Charles R. Hook
Our Own Hall of Fame


Our Own Hall of Fame

 

CHARLES R. HOOK Sr.

 

FIRST JOB $2 A WEEK

Hook Made Armco No. 6 Among U. S. Steel Giants

 

THE DAYTON DAILY NEWS,  MARCH 9, 1961

BY MARY ELLEN LYNCH

Daily News Staff Writer

 

     When Charles R. Hook Sr. joined Middle town’s American Rolling Mills Co. in 1902,  it was two and he was 22.

     This year, at 80, Hook retired.  He left the infant company he helped bring up (the name was changed to the Armco Steel Corp. in 1948) firmly entrenched as the nation’s sixth largest steel producer.

     The son of a Cincinnati buggy maker who went broke in a panic before the turn of the center, young Charley Hook couldn’t afford to go to college.  (He later received 11 honorary degrees.)

     INSTEAD HE got his first job as a $2-a-week office boy in a tinplate plant, used his earnings to take a correspondence course in engineering.  Steel making fascinated him, so Hook took a laborer’s job in a mill in Gas City, Ind., rose to hot mill foreman and  then assistant superintendent.

     When George M. Verity, Armco’s founder, offered the promising youth $100 a week to become his night superintendent, the Middletown plant was having a hard time keeping up with its bills and payroll.  (Armco employed 325 when Hook went there, more than 40,000 when he left.

     As Hook rose through the ranks, Armco steadily expanded and streamlined its operations by developing products not common in the steel industry.  Armco developed a pure iron, created the continuous method of rolling steel, helped develop a better electric train.

     Early in his career, Hook persuaded union officials to allow a management representative to attend their meetings.  In turn management information was made available to the employes.  He wanted both sides to know what the other was thinking.
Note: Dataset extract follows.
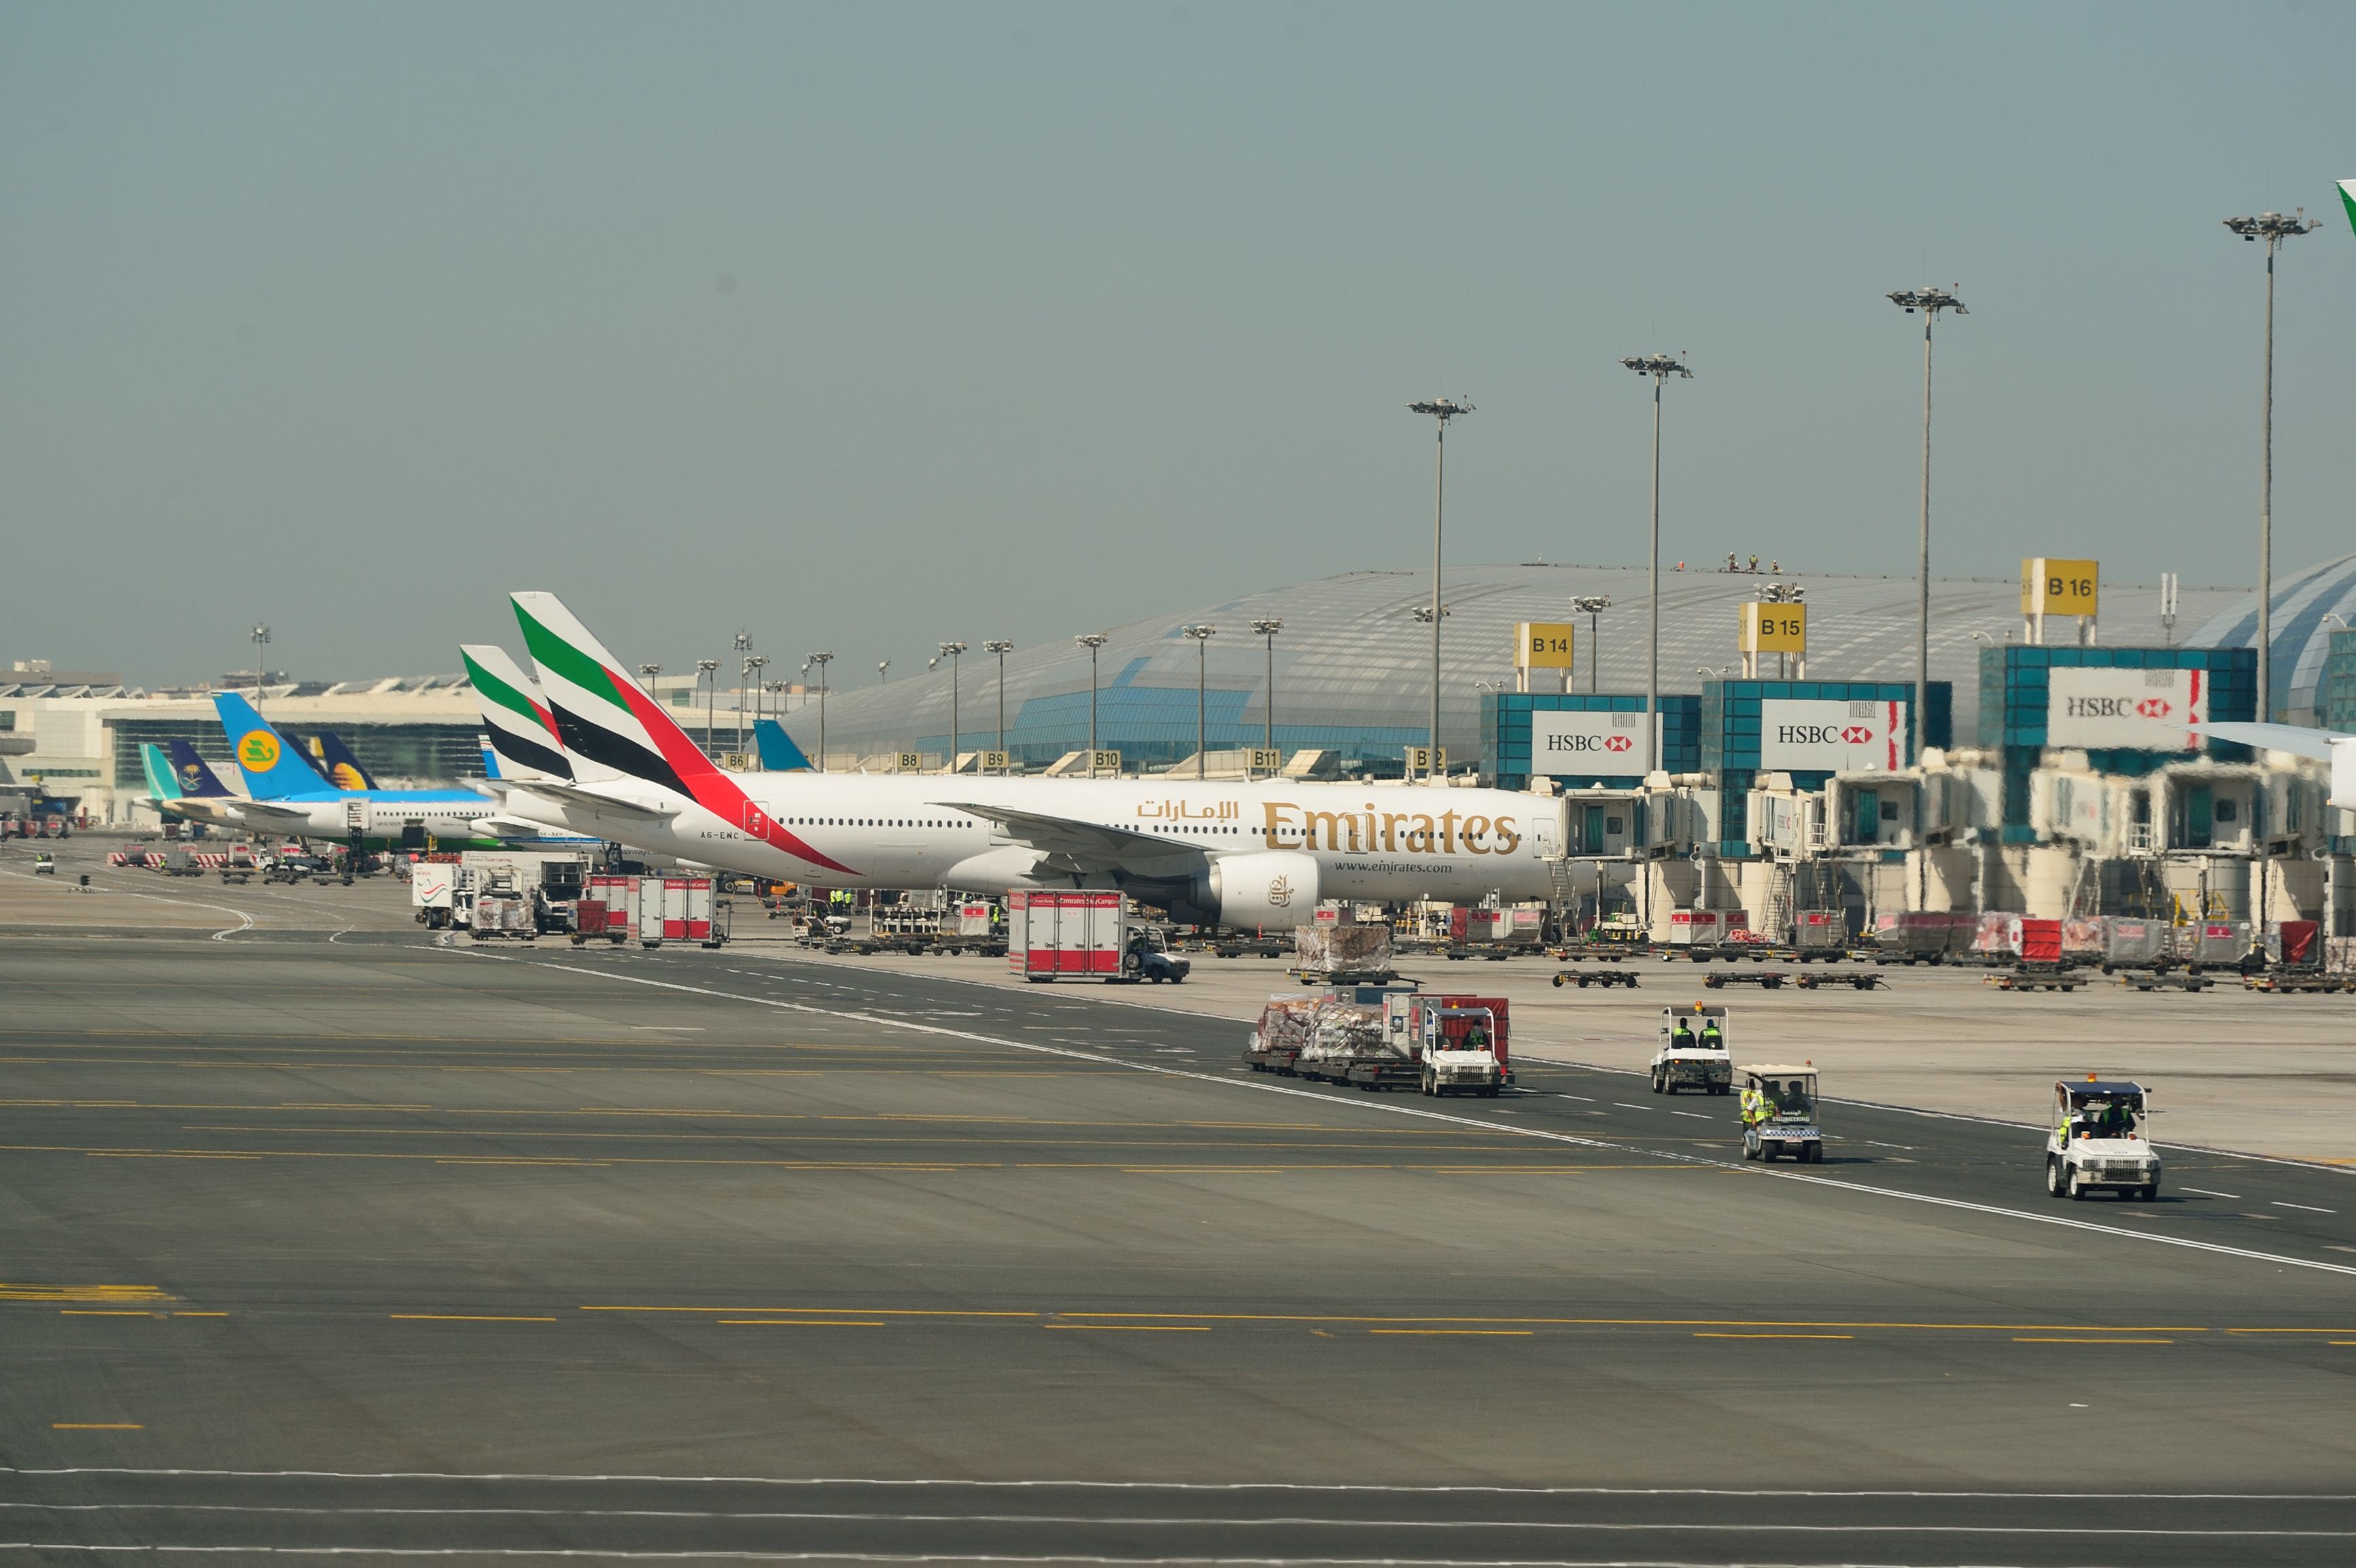 Airlines docked at Dubai International

     “Take the mystery out of business,” Hook declared.  “Mystery breeds suspicion.”  He said this so often he became known as “Mystery” Hook.  But Armco has a long history of happy labor-management relations.

     In 1917 he brought the first group insurance plan to the steel industry.

     THE SIGNS on Hook’s office doors changed.  General superintendent…vice president…general manager.  In 1930 he was elected president.

     Hook married the boss’ daughter, Leah, and they had three children.  Active in the community, he gave a big camp site to the Boy Scouts, raised funds for the Republican party, was national chairman of Junior Achievement.

     In 1938 he was president of the National Association of Manufacturers and six years ago—lauding him as “an industrial statesman”—the NAM made him Industry’s Man of The Year.

     CHARLES R. HOOK was a good citizen of Middletown and of the United States.  Starting in 1938 he had an almost continuous record of government service.  He went abroad for President Roosevelt to study labor conditions.

     He went to England in World War II to help solve steel production problems. He headed a commission that studied servicemen’s pay and got them more.  He served with the Hoover commission on government reorganization.

     Hook was Armco president until 1948, then chairman of the board until Oct. 1959, when he stepped down two weeks after suffering a heart attack.

     Hook recovered and remained a director, but a month ago he retired from the board after 58 years of service to Armco because: “When a fellow reaches 80, he ought to have more time to devote to his own affairs.”